Hidup Kian berubah drastis setelah kecelakaan tragis yang merenggut nyawa ibu Keira, putri dari sahabat dekat kakeknya. Di tengah keputusasaan, Kian harus menghadapi permintaan terakhir dari ayah Keira yang sedang kritis—sebuah permintaan yang mengguncang hatinya: menikahi Keira dan melindunginya dari segala ancaman yang mengintai. Terjebak di antara janji yang berat dan perasaannya yang masih tak percaya pada cinta karena Stella, mantannya yang mengkhianati.
Kian dihadapkan pada pilihan sulit yang
akan menentukan masa depan mereka berdua. Haruskah ia memenuhi janji terakhir itu atau mengikuti kata hatinya yang masih dibayangi cinta masa lalu? Di tengah kebimbangan dan tekanan dari berbagai pihak, keputusan Kian akan mengubah hidup mereka selamanya.

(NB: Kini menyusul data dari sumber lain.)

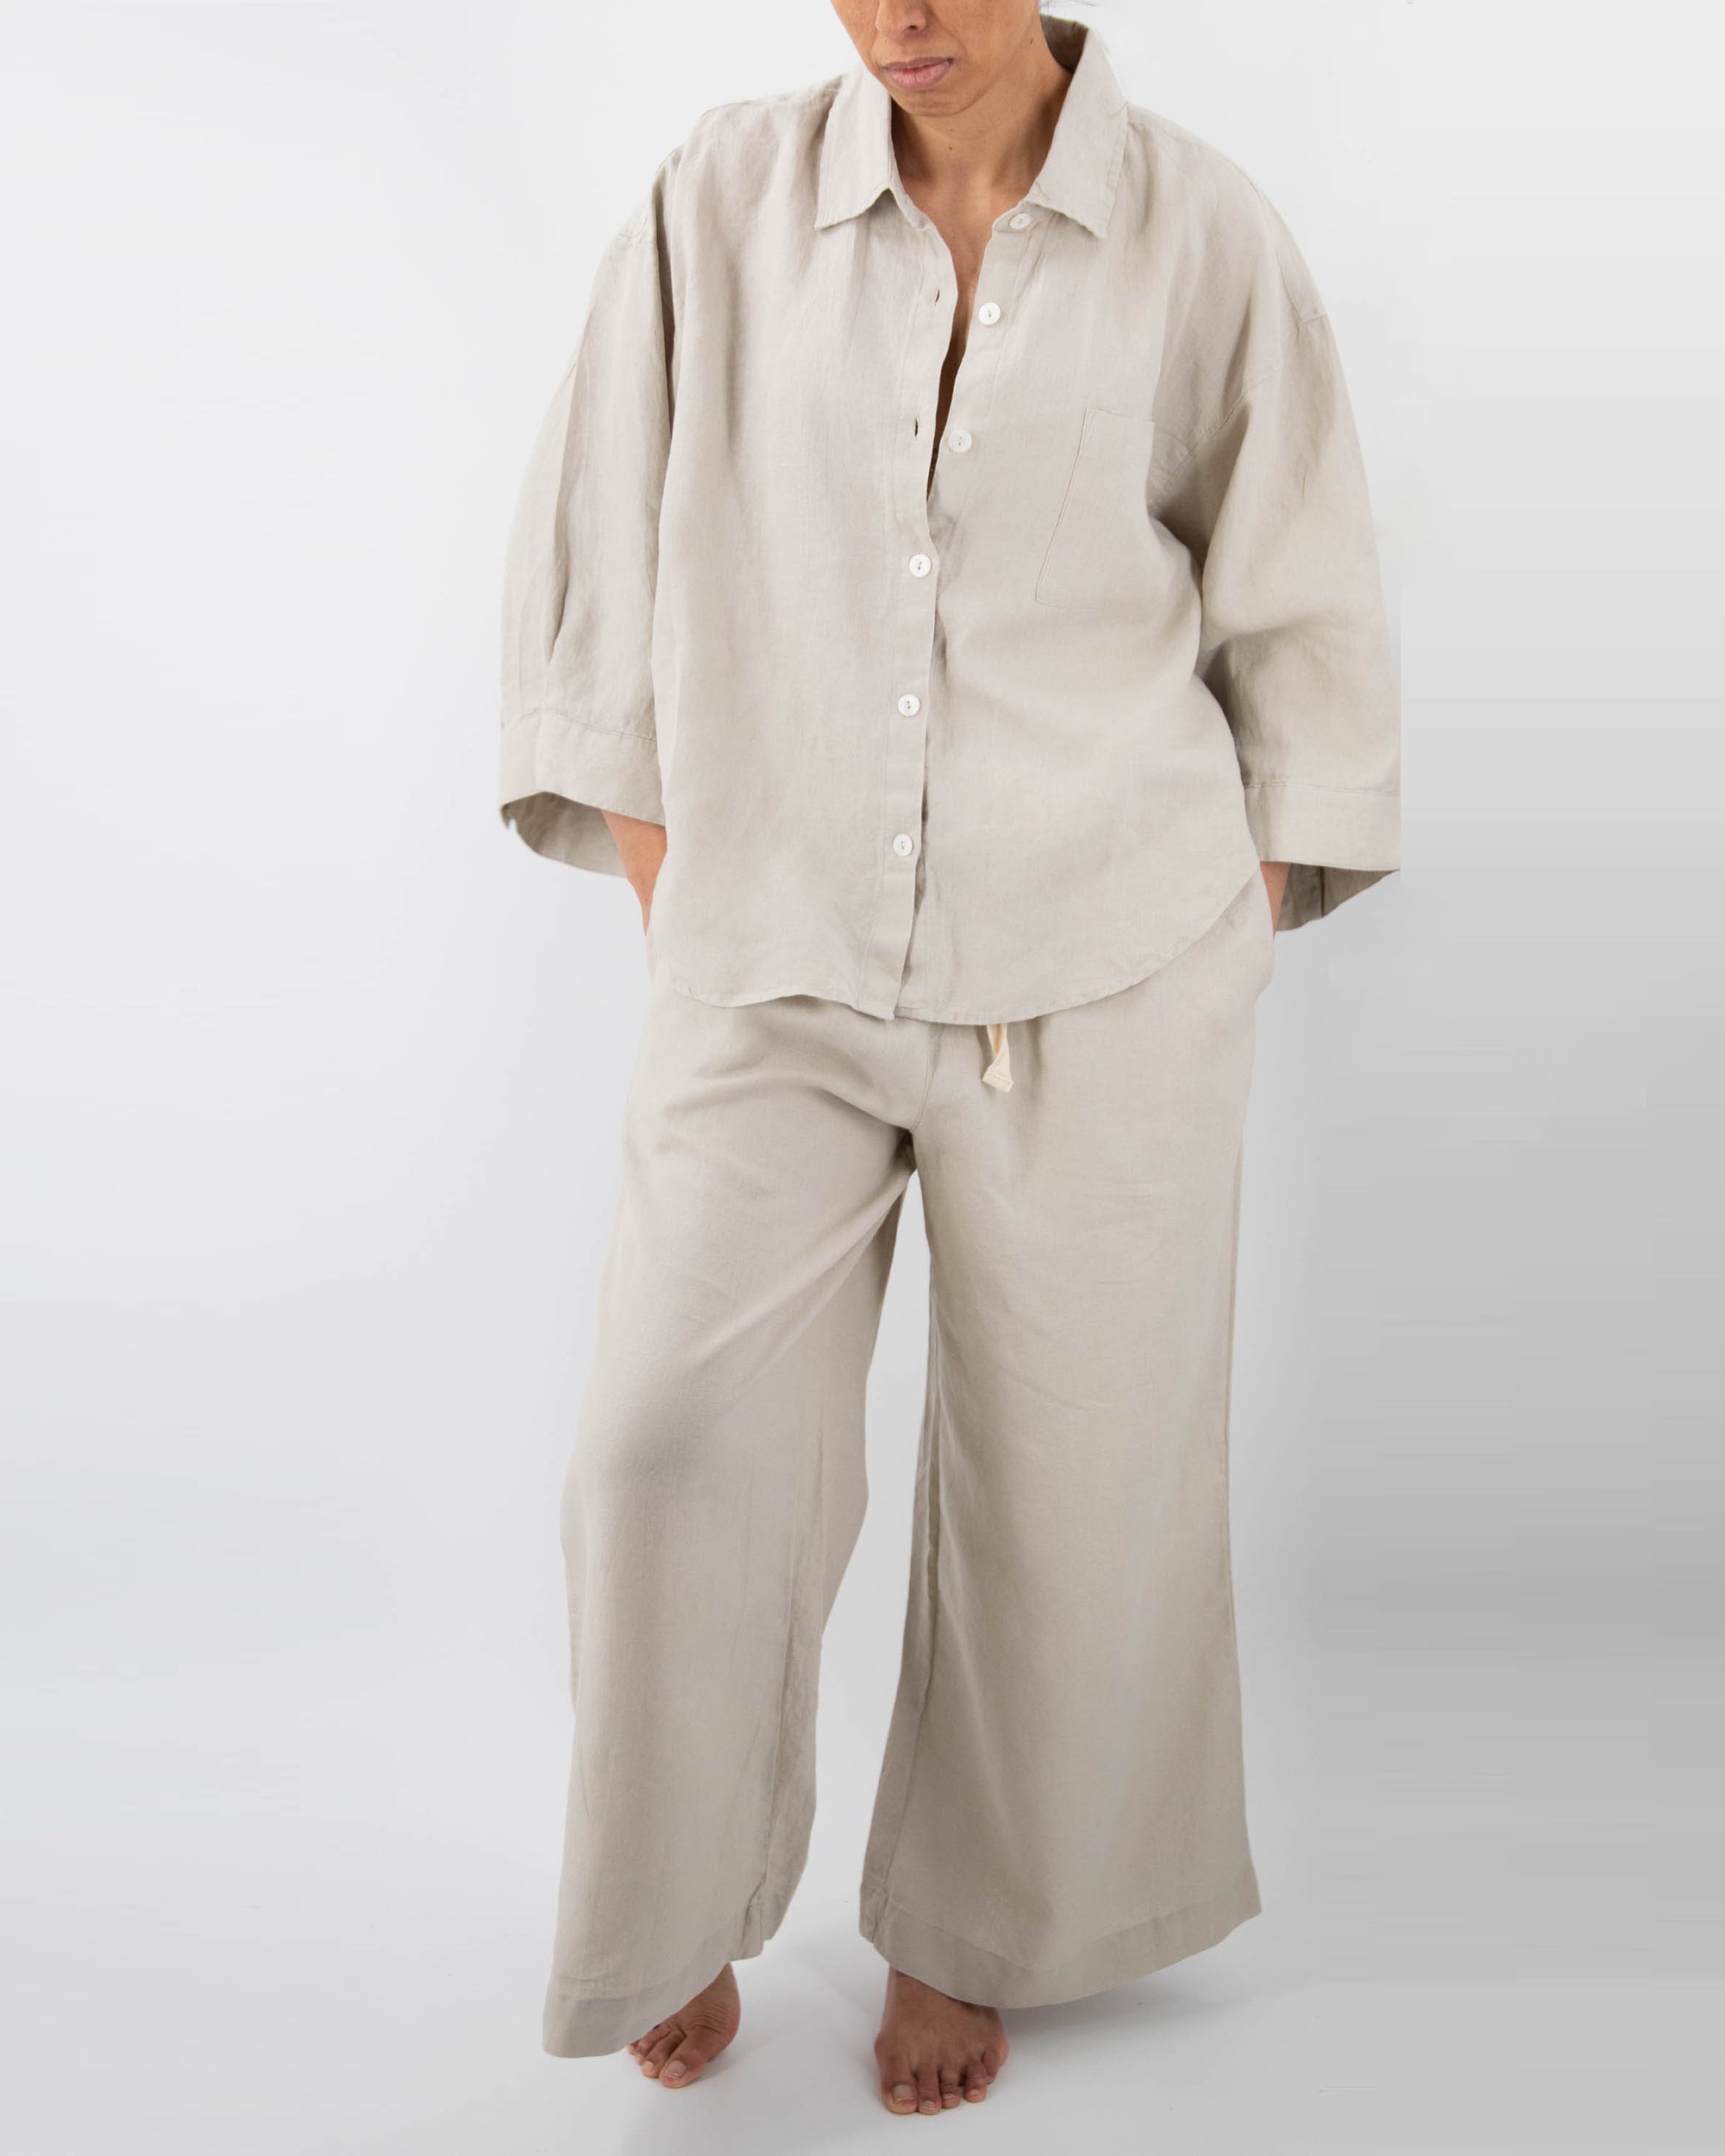 Model in dove gray linen pajamas (long sleeved shirt and long pants)

Karya ini diterbitkan atas izin NovelToon keisar, isi konten hanyalah pandangan pribadi pembuatnya, tidak mewakili NovelToon sendiri
Si Joni meronta
Keira terus menangis di pelukan Kian, air matanya membasahi dada suaminya. Kian tak berkata apa-apa, hanya membelai lembut rambutnya, memberikan rasa aman. Beberapa menit berlalu, isakan Keira perlahan mulai mereda, hingga akhirnya hening, hanya terdengar suara napas mereka yang teratur.

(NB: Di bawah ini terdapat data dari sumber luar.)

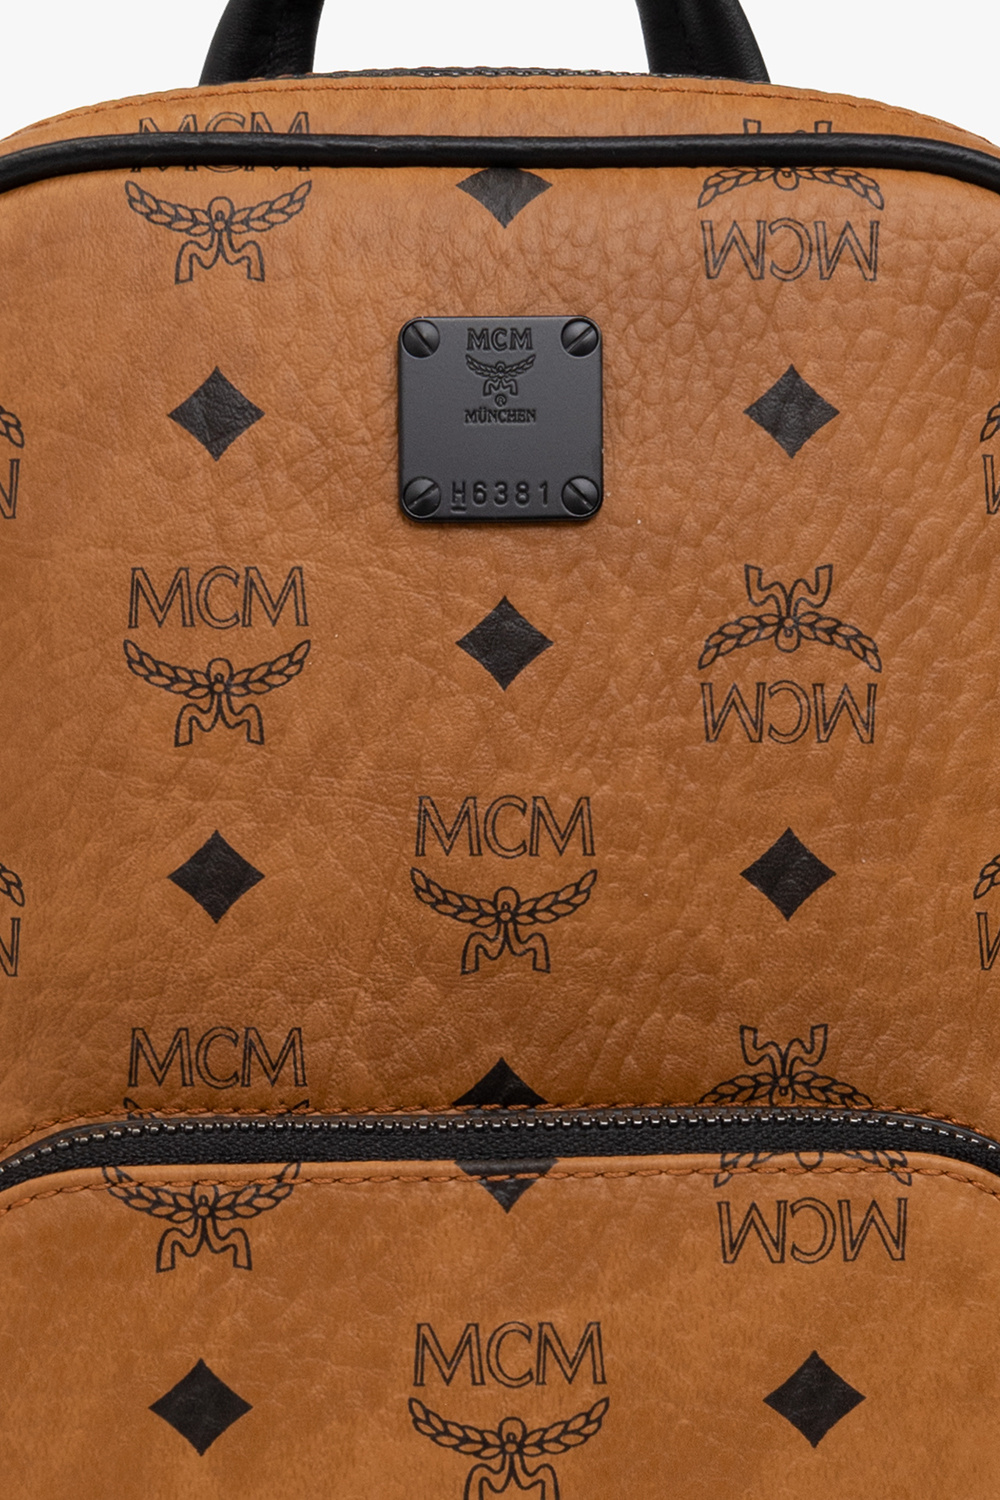 MCM - MCM Bag on Designer Wardrobe

"Udah tenang?" tanya Kian dengan lembut, memandang wajah Keira yang masih menempel di dadanya. Keira mengangguk pelan, tanpa melepaskan pelukannya.
"Kalau gitu, sana mandi, biar seger," ucap Kian, suaranya mencoba memberi semangat.
Keira, yang masih berada dalam pelukan Kian, menolak dengan suara pelan, "Nggak mau." Ia memejamkan mata, menikmati kenyamanan yang ia rasakan. Apalagi dengan Kian yang bertelanjang dada, kehangatan tubuhnya dan aroma yang begitu memabukkan membuat Keira enggan beranjak. Rasanya, berada di sini, dalam pelukan Kian, lebih dari cukup untuk meredakan segala kegundahannya.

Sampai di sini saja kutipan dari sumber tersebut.